Autothermal reforming of bioethanol (ATR of C 2 H 5 OH) over promoted Ni/Ce 0.8 La 0.2 O 1.9 catalysts was studied to develop carbon-neutral technologies for hydrogen production. The regulation of the functional properties of the catalysts was attained by adjusting their nanostructure and reducibility by introducing various types and content of M promoters (M = Pt, Pd, Rh, Re; molar ratio M/Ni = 0.003–0.012). The composition–characteristics–activity correlation was determined using catalyst testing in ATR of C 2 H 5 OH, thermal analysis, N 2 adsorption, X-ray diffraction, transmission electron microscopy, and EDX analysis. It was shown that the type and content of the promoter, as well as the preparation mode (combined or sequential impregnation methods), determine the redox properties of catalysts and influence the textural and structural characteristics of the samples. The reducibility of catalysts improves in the following sequence of promoters: Re < Rh < Pd < Pt, with an increase in their content, and when using the co-impregnation method. It was found that in ATR of C 2 H 5 OH over bimetallic Ni-M/Ce 0.8 La 0.2 O 1.9 catalysts at 600 °C, the hydrogen yield increased in the following row of promoters: Pt < Rh < Pd < Re at 100% conversion of ethanol. The introduction of M leads to the formation of a NiM alloy under reaction conditions and affects the resistance of the catalyst to oxidation, sintering, and coking.

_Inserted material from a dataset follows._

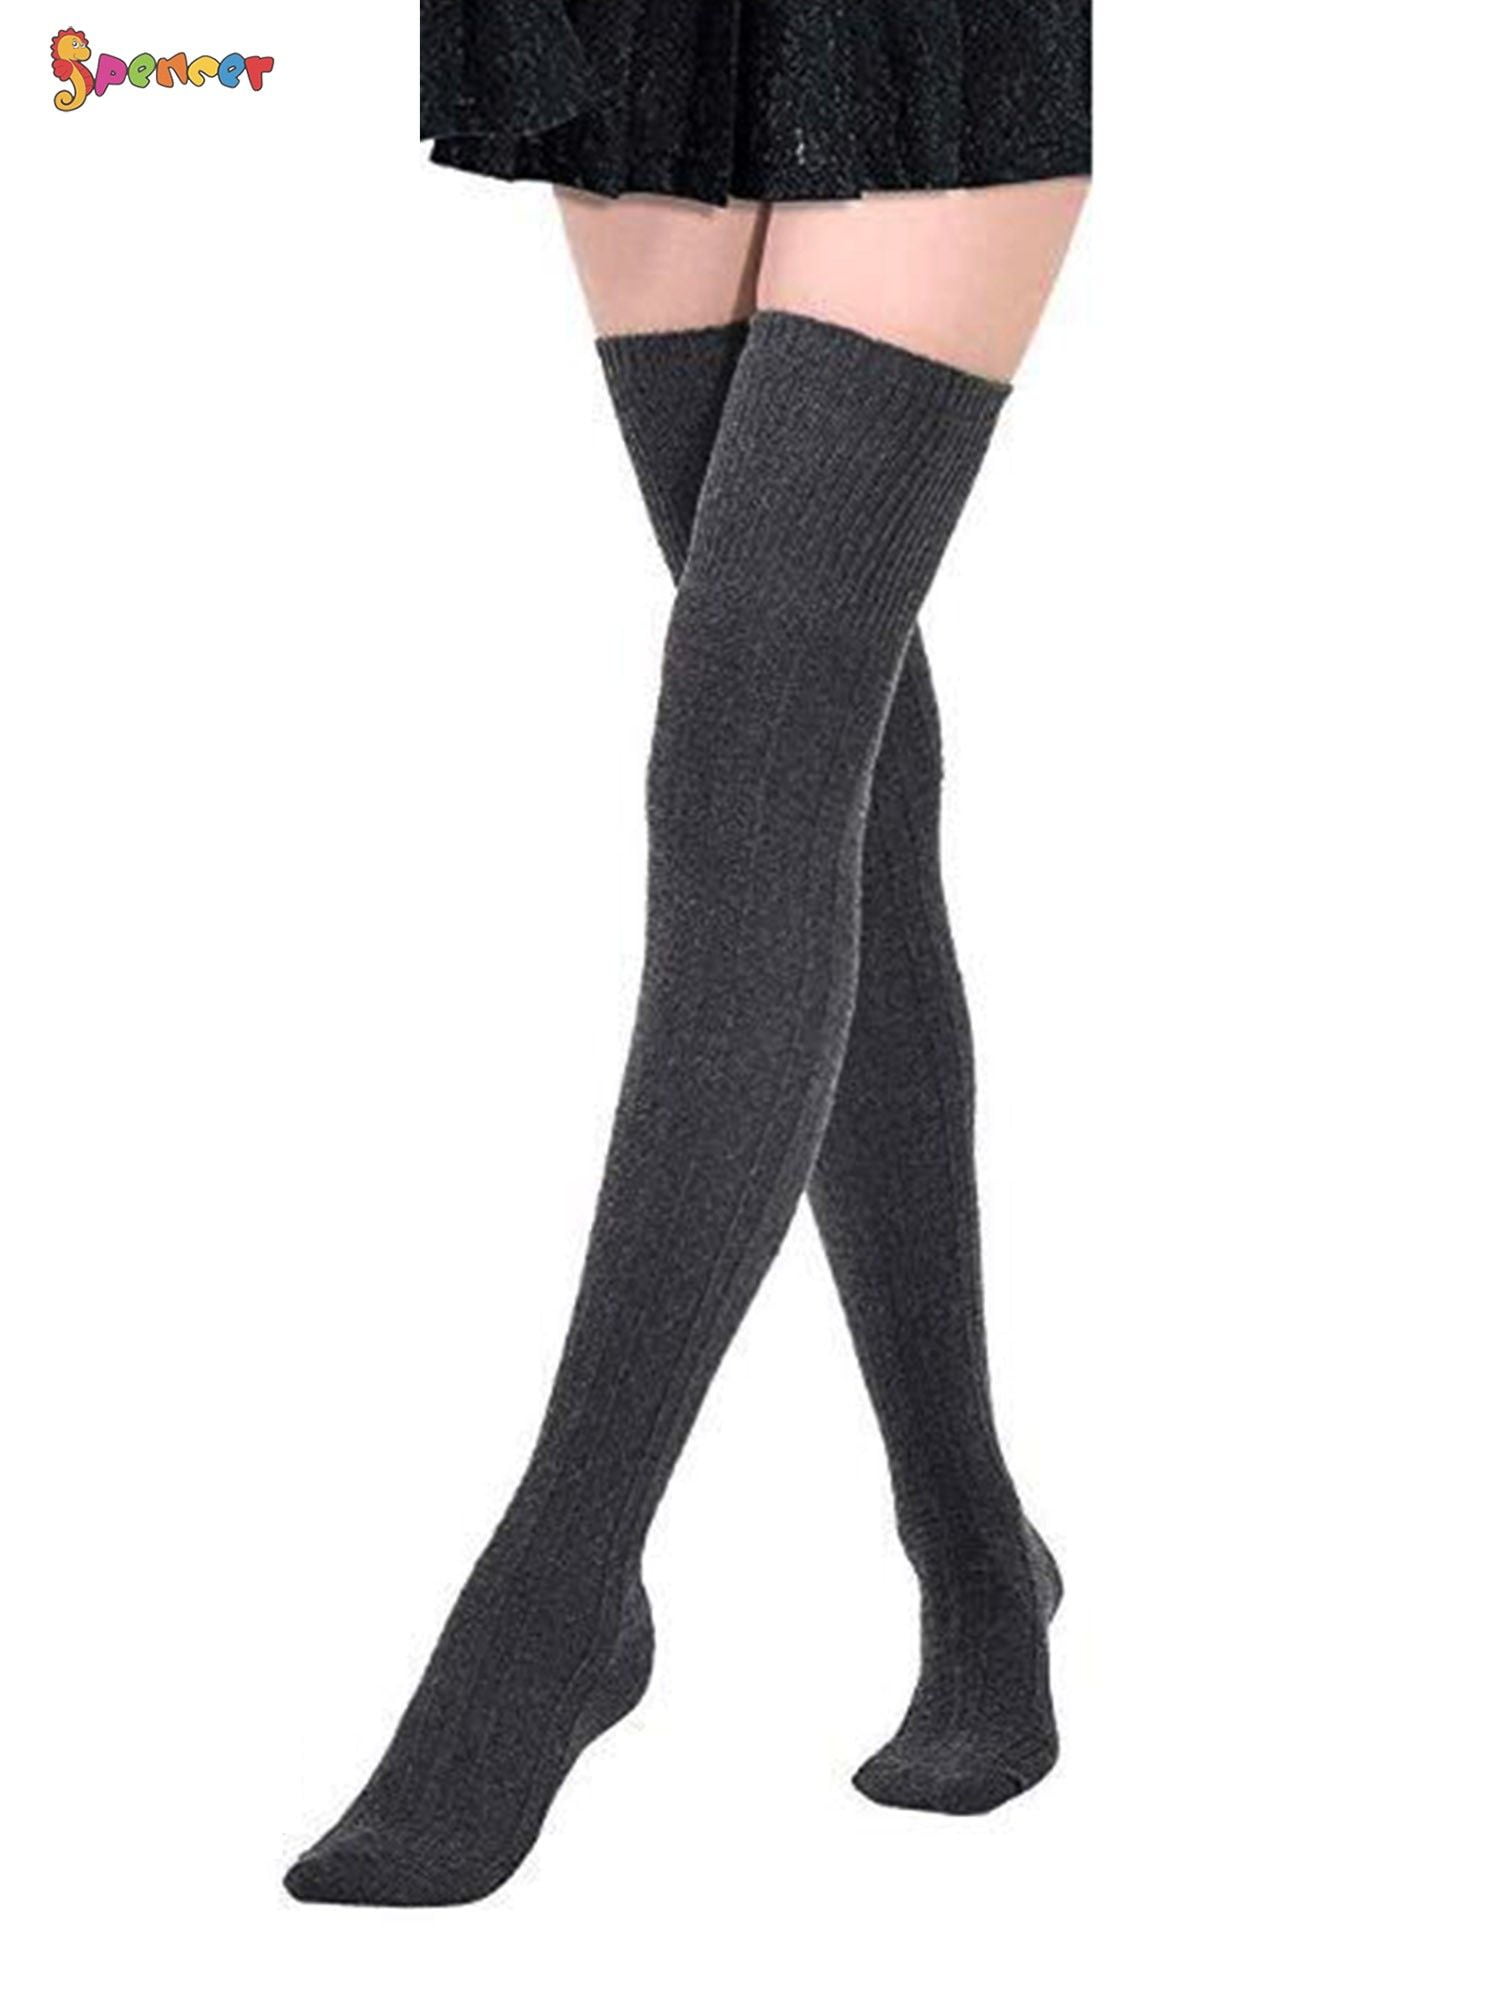 Gaoport 6 Pairs Womens Over Knee Thigh High Socks Warm Long Stockings Boot Leg Warmer for Women Girls Daily Wear Cosplay

It was found that for enhancing Ni catalyst performance in H 2 production through ATR of C 2 H 5 OH, the most effective promotion is with Re: at 600 °C over the optimum 10Ni-0.4Re/Ce 0.8 La 0.2 O 1.9 catalyst the highest hydrogen yield 65% was observed.

Suggested Citation

  • Ekaterina Matus & Olga Sukhova & Ilyas Ismagilov & Mikhail Kerzhentsev & Olga Stonkus & Zinfer Ismagilov, 2021. "Hydrogen Production through Autothermal Reforming of Ethanol: Enhancement of Ni Catalyst Performance via Promotion," Energies, MDPI, vol. 14(16), pages 1-16, August.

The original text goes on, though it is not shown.